I've always been scared.

***

graduation.

it's suppose to mean something, isn't it? the end of high school, the beginning of college, moving in with your match. it's all suppose to happen now.

but it didn't happen to me.

as i sat on a white foldable chair, dressed in my cap and gown, i considered my options. i could apply for a college that i couldn't afford and take a gap year, or i could do nothing with my life and keep crashing with my dad until he realized that i was, in fact, still here, or i could find a job barely paying a living wage and rent an apartment and continue to live a shit life.

"frank iero."

i stood, my gown swishing around me. i walked up to the stage, fixing my cap every now and again as it slide down my face. the principal handed me my diploma, and i accepted it with a tight face.

i was almost off the stage when i looked at the audience.

pete was the only person coming for me. i didn't ask, 'it's just what friends do'.

but i didn't expect to see the person beside pete.
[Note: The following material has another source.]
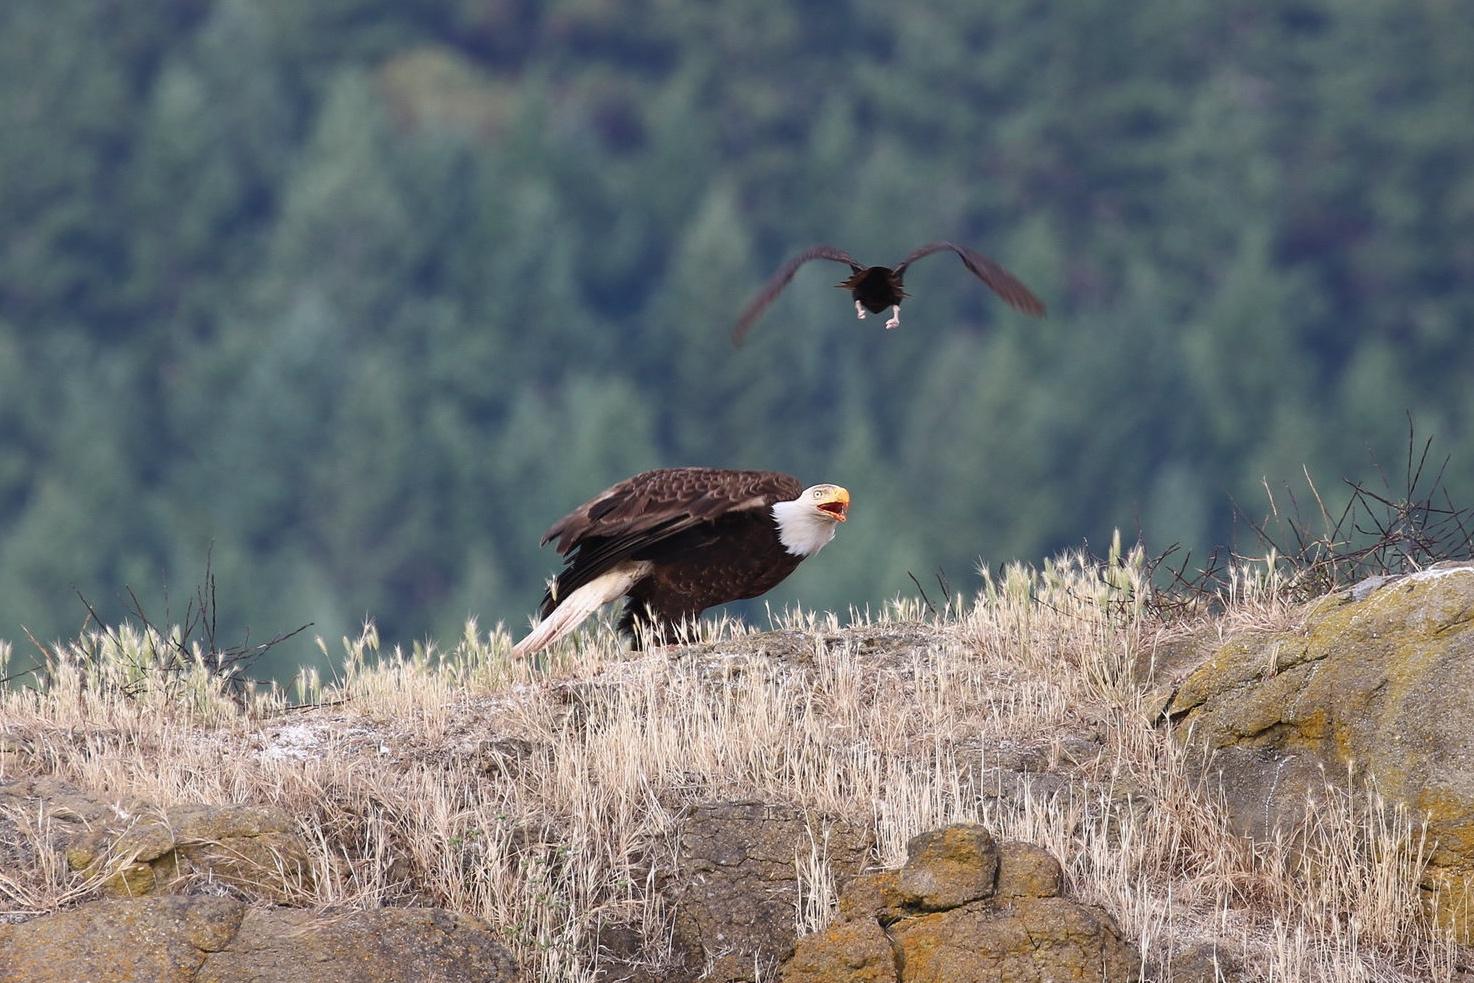 Interrupting an Eagle feast. Photo by Rebeka Pirker (3:30).
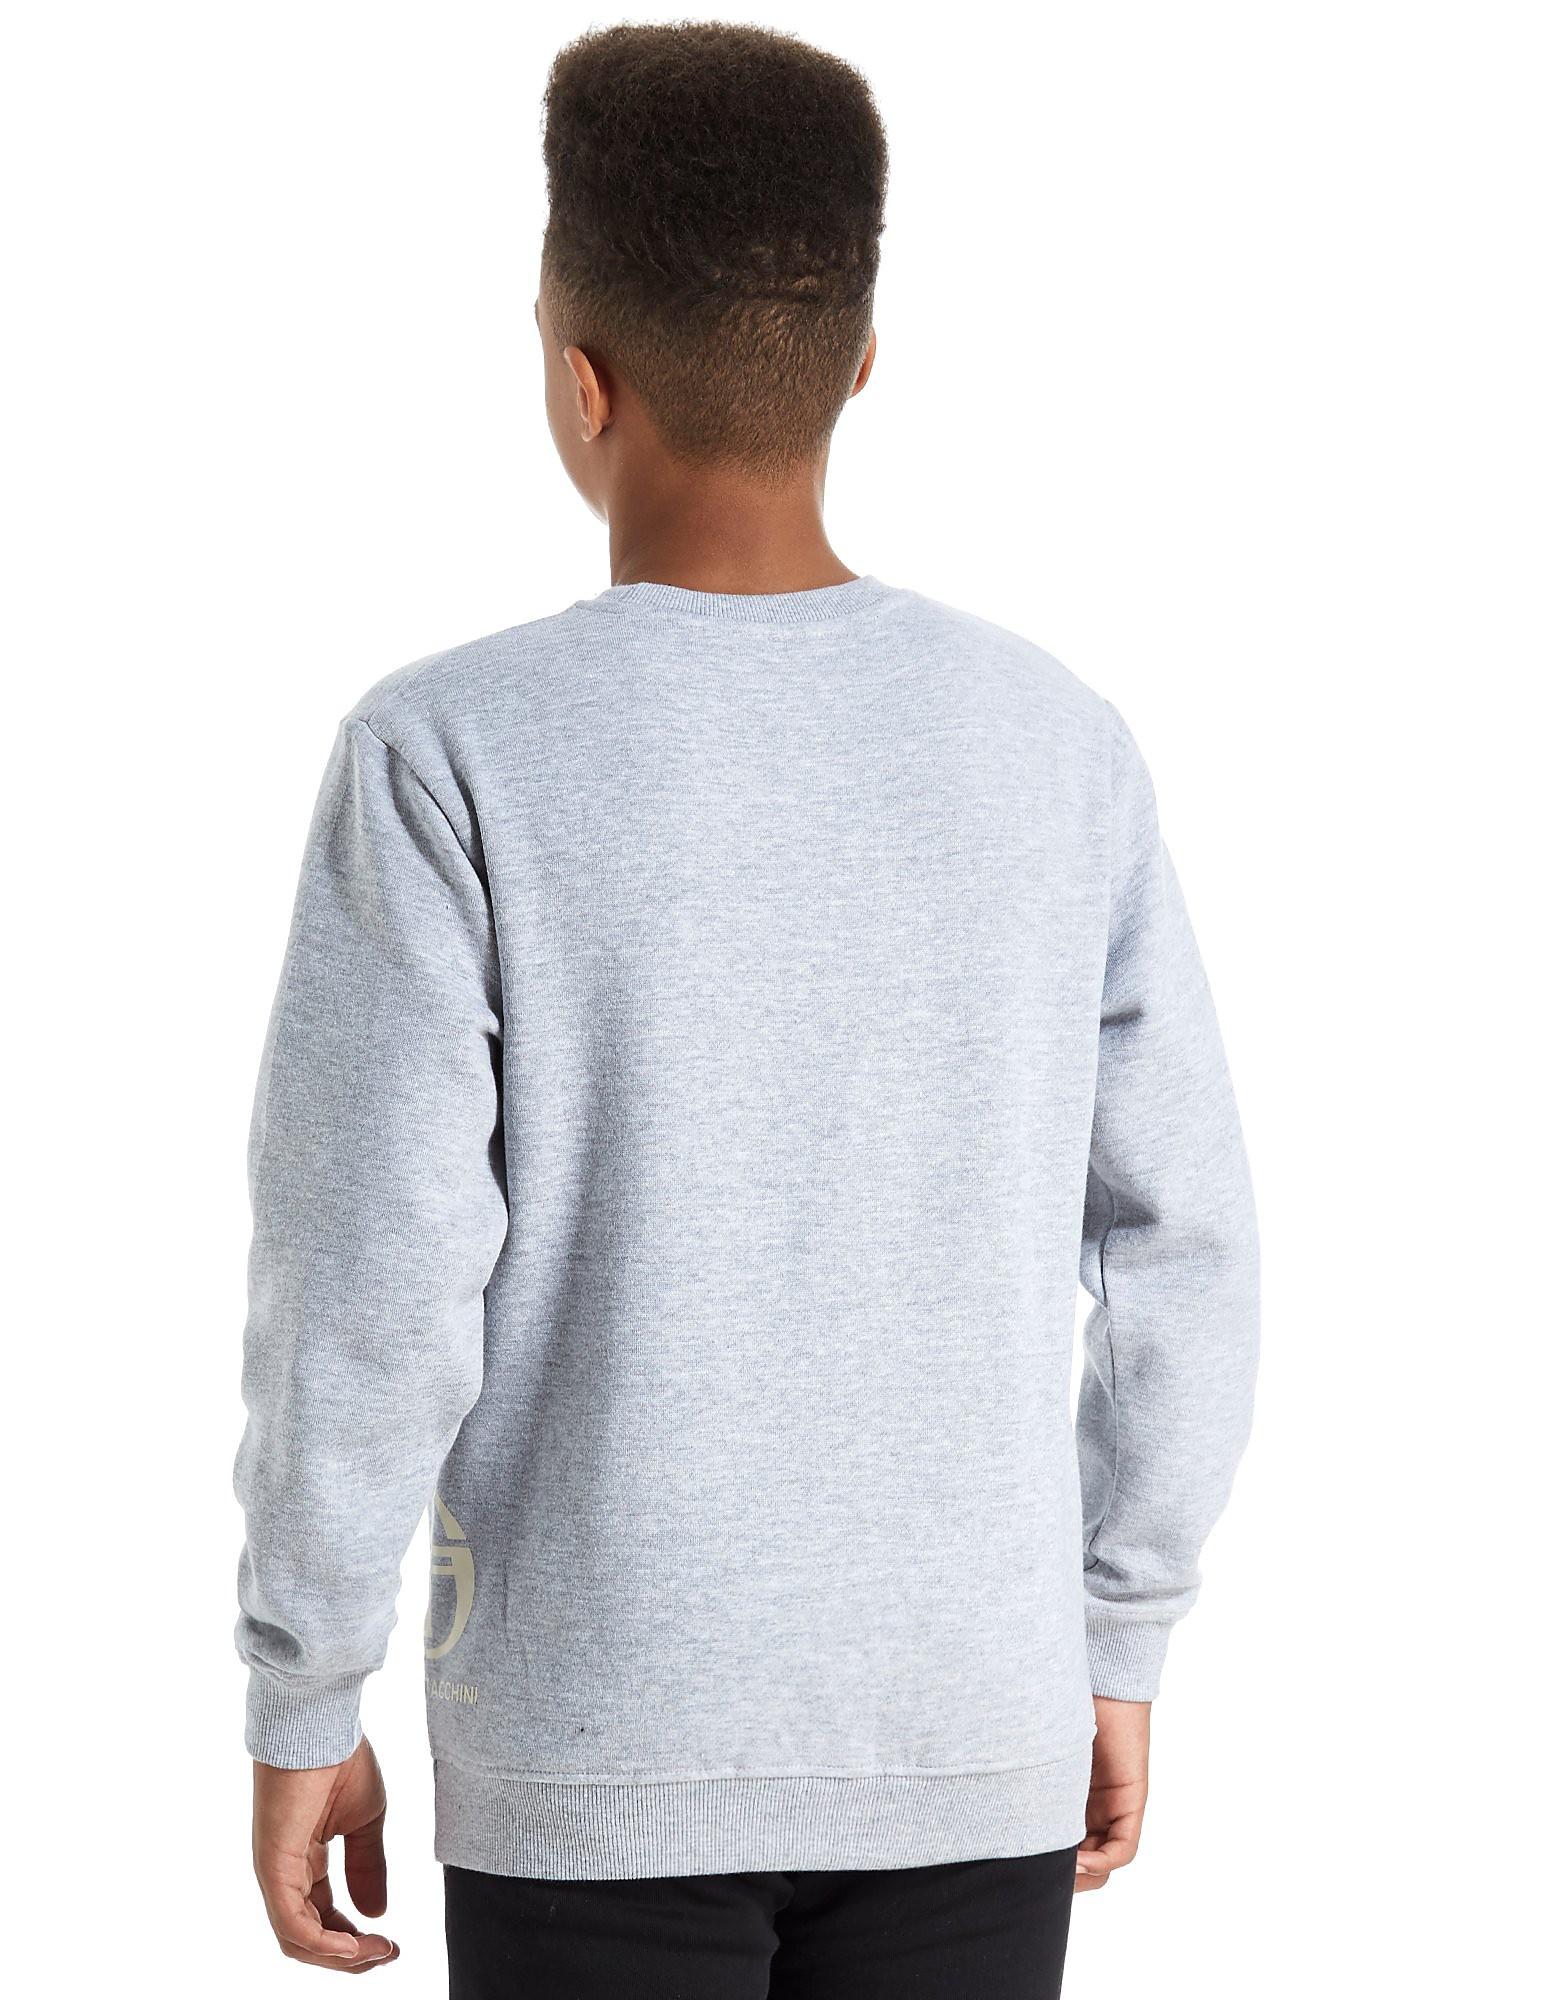 Sergio Tacchini Marzano Sweatshirt Junior

i didn't expect to see him.

***

"gee," fuck. "i never really thought you'd come tonight."

"frank," he bite his lip, brushed back his hair, fidgeting and awkward as ever. "it's been a while."

"it has," i agreed. "a few months, yeah?"

"sorry-" the word fell out of our mouths at the same time.

"you go first."

"okay," he smiled slightly, but it quickly faded. "i know i over reacted. i realize that now. i was trying to control your life too much, and you were doing something you had been for a while. i shouldn't have let my feelings towards bert effect how i looked at you.

"it's just... mikey was in the hospital for days because of what bert gave him. and i know that i should blame my brother, because he took the pills, not bert, bert didn't make him, but i don't want you to end up like him. i fucking love you and i don't want to lose you. and if you keep doing drugs that's fine it's just-"

"gee,"

"yeah?" he looked nerve, all flushed and anxious, red-rimmed eyes.

"I've been clean since you left."

"oh," he stared at his feet, but i could make out a smile.

"oh," i echoed him. "well, see you around."

i turned, a faint smile on my face from just seeing him.

"frank?"

"mmh?" i turned.

and in a room full of teenagers i couldn't care less about and every single one of my teachers since i was 14, my match kissed me.

it was quick and fiery, forcing the air out of my lungs and life into my eyes.

and finally, i was home.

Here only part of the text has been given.